Söz konusu karar yalnızca KHK ihraçlarıyla sınırlıdır. AİHM’nin kamudan ihraçlar haricinde Türkiye’de 15 Temmuz sonrasında ortaya çıkan hak ihlalleri konusunda nasıl bir tutum alacağı en önemli sorulardan biri olarak beliriyor. Özellikle adil yargılanma hakkı, uzun yargılamalar, tutuklulukta yaşanan sorunlar gibi başlıklarda pek çok şikâyetin önümüzdeki dönemde mahkemenin gündemine girmesi şaşırtıcı olmayacaktır. Türkiye’de 15 Temmuz sonrasında yaklaşık bir buçuk yıldır tutuklu olduğu halde iddianamesi hazırlanmamış olan şüpheliler mevcuttur. Tutuklamalardaki hak ihlalleriyle ilgili yaygın şikâyetler var.
*
Ancak bu noktada Türkiye’nin olağanüstü koşullarından kaynaklanan özel durumu denkleme giriyor. Bu denklemdeki kritik konu AİHM’nin Türkiye’nin “olağanüstü koşullar” gerekçesine nasıl yaklaşacağı sorusudur.
Türkiye, 15 Temmuz darbe girişiminden hemen sonra Avrupa Konseyi’ne başvurarak Avrupa İnsan Hakları Sözleşmesi’nin 15’inci maddesi çerçevesinde sözleşmeyle ilgili yükümlülüklerini askıya aldığını duyurmuştu.

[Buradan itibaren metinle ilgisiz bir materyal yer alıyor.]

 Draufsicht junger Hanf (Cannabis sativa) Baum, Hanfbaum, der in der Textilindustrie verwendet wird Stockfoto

Sözleşmenin bu maddesi, olağanüstü hallerde ülkenin “Sözleşmede öngörülen yükümlülüklere aykırı tedbirler alabilmesine” cevaz veriyor. Ancak tanınan muafiyet, Sözleşme’nin yaşam hakkı, işkence ve kötü muameleye ilişkin maddeleri ile ‘Suç işlendiği zaman uygulanabilir olan cezadan ağır ceza verilemez’ (idam cezasını geri getirme gibi) gibi hükümlerini kapsamıyor. Altı çizilmesi gereken bir husus, Sözleşme’nin olağanüstü koşullar karşısında ülkeye esneklik tanırken bunu uygulamada “Durumun gerektirdiği ölçüde olması koşulu”na bağlamasıdır.

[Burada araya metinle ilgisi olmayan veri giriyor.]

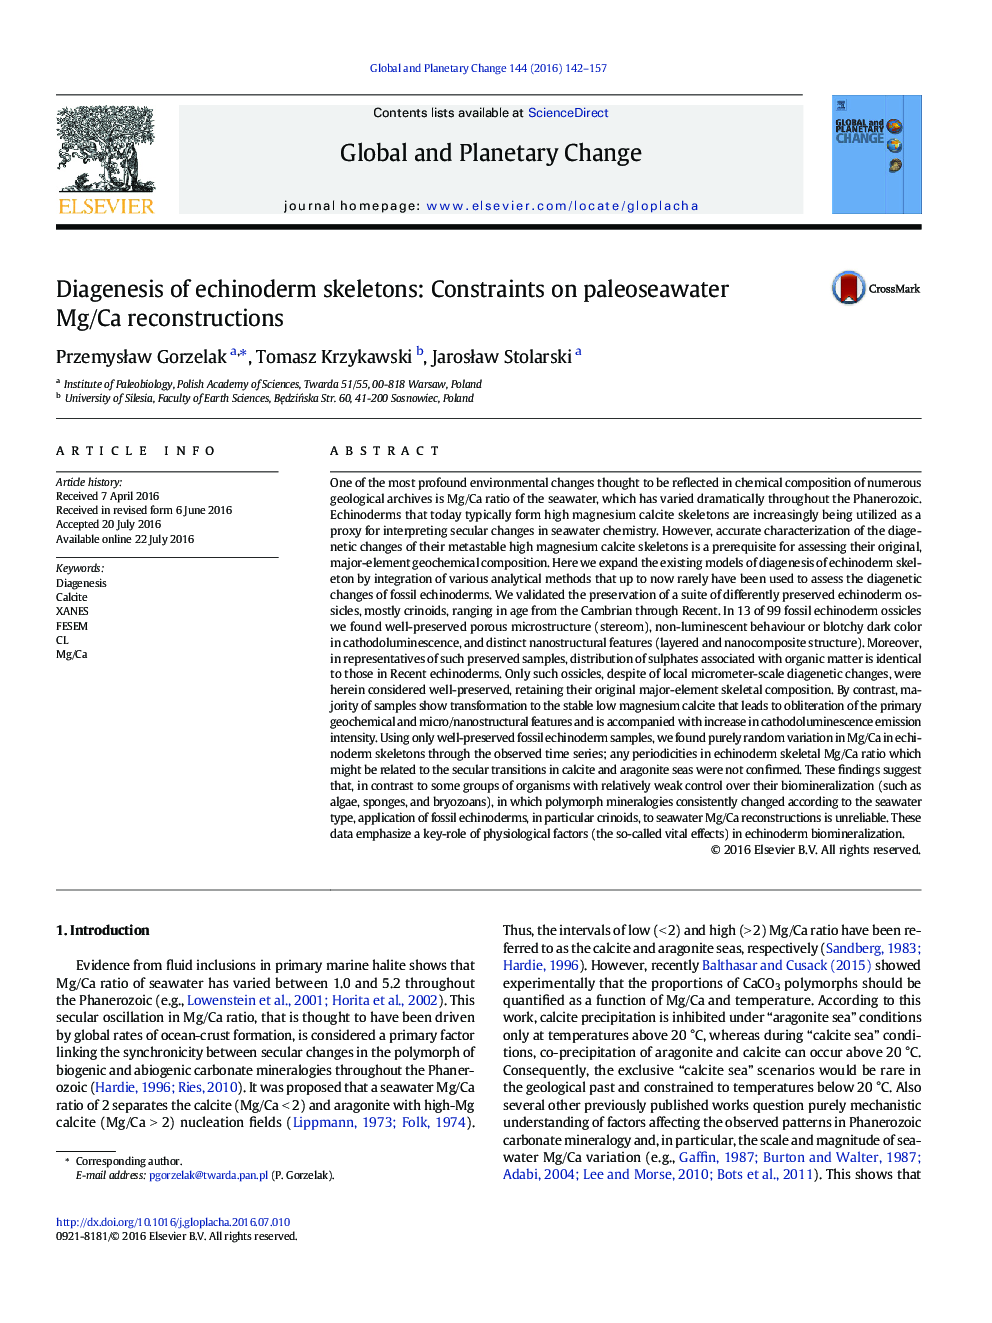 دیاژنز اسکلت های خارپوستان: محدودیت در بازسازی منیزیم/کلسیم paleoseawater

Bir başka deyişle, AİHM, bu muafiyeti tanırken muhtemelen uygulamada Türkiye’nin sözleşmenin özünü ortadan kaldırıp kaldırmadığına, uygulamayı bir denge içinde yürütüp yürütmediğine de bakacaktır. AİHM’nin bağlı olduğu Avrupa Konseyi, 15. maddenin uygulanmasında şu ana kadar Türkiye ile yakın istişare içinde hareket etmiştir.
*
Ancak mahkemenin bazı tutuklu gazetecilerin başvurularını Anayasa Mahkemesi’nde iç hukuk yolunun tüketilmesini beklemeden gündemine alması ve Türk hükümetinden savunma istemesi, en azından ifade özgürlüğü söz konusu olduğunda Sözleşme’nin 15’inci maddesinin bir açık çek güvencesi içermediğini gösteriyor.

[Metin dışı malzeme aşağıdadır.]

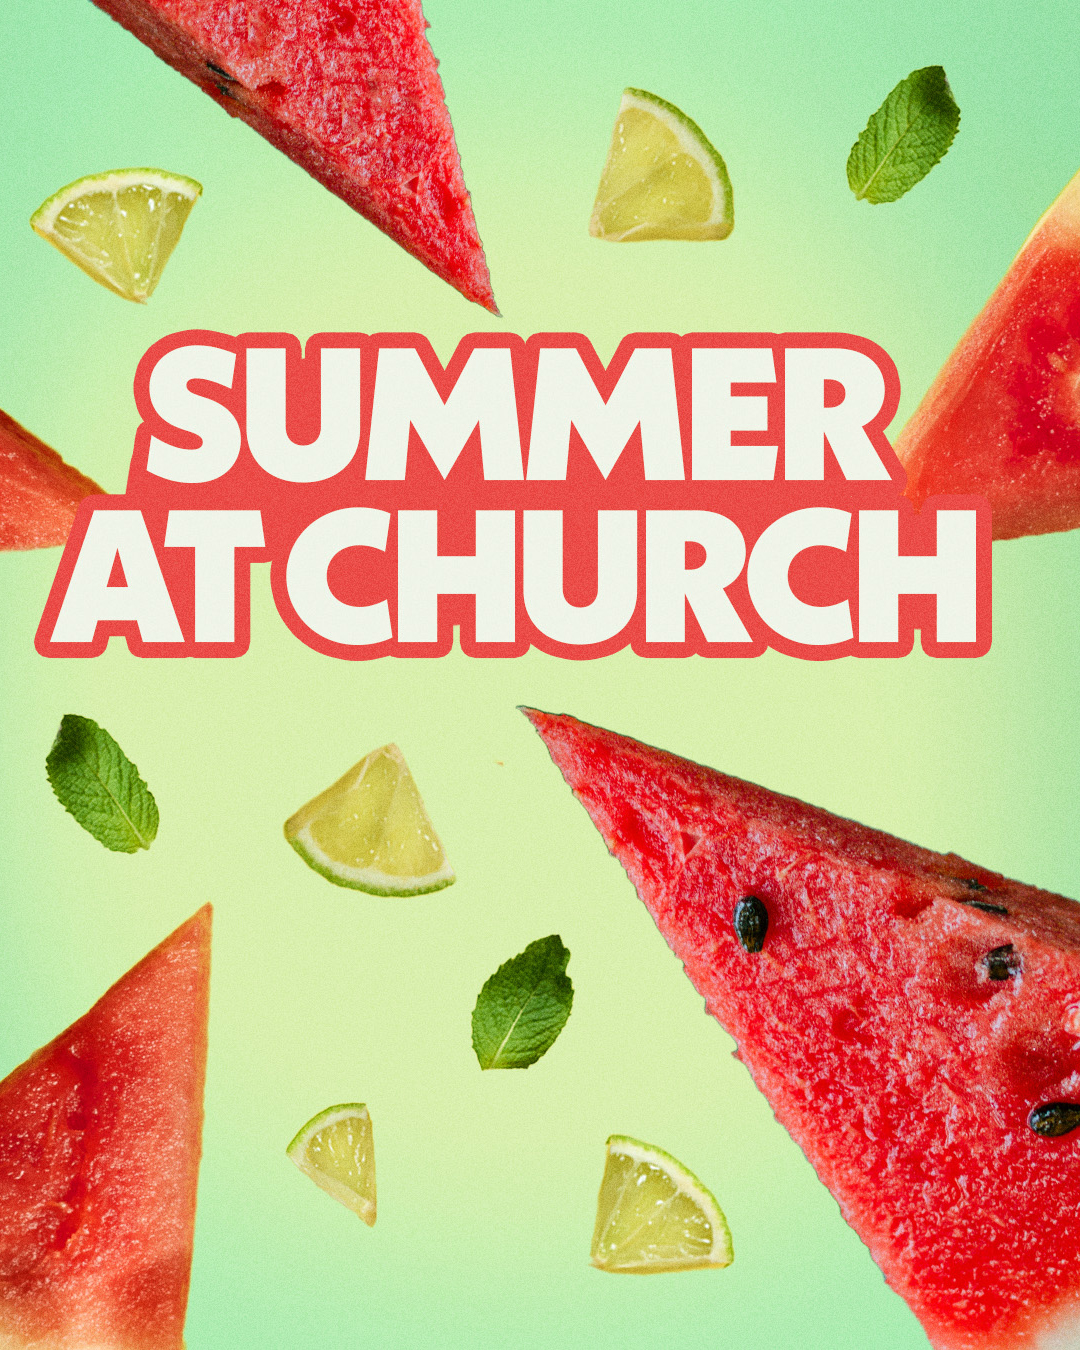 Summer at church

Şahin Alpay, Nazlı Ilıcak, Ahmet Altan ve Cumhuriyet mensuplarının da aralarında bulunduğu toplam 20 gazeteci-yazarın başvurularından söz ediyoruz. Şikâyet sahipleri, Anayasa Mahkemesi’ne bireysel başvuruda bulunduktan sonra bir süre bekleyip ardından AİHM’ye de şikâyet dilekçesi vermiştir. Mahkeme, ifade özgürlüğünü ilgilendiren bu davalara iç hukuk yolunun tüketilmesini beklemeden öncelik verip gündemine almıştır.
AİHM’nin muhtemelen 2018 içinde bu dosyalarda vereceği karar 15 Temmuz sonrasında bir ilk olması bakımından büyük önem taşıyor.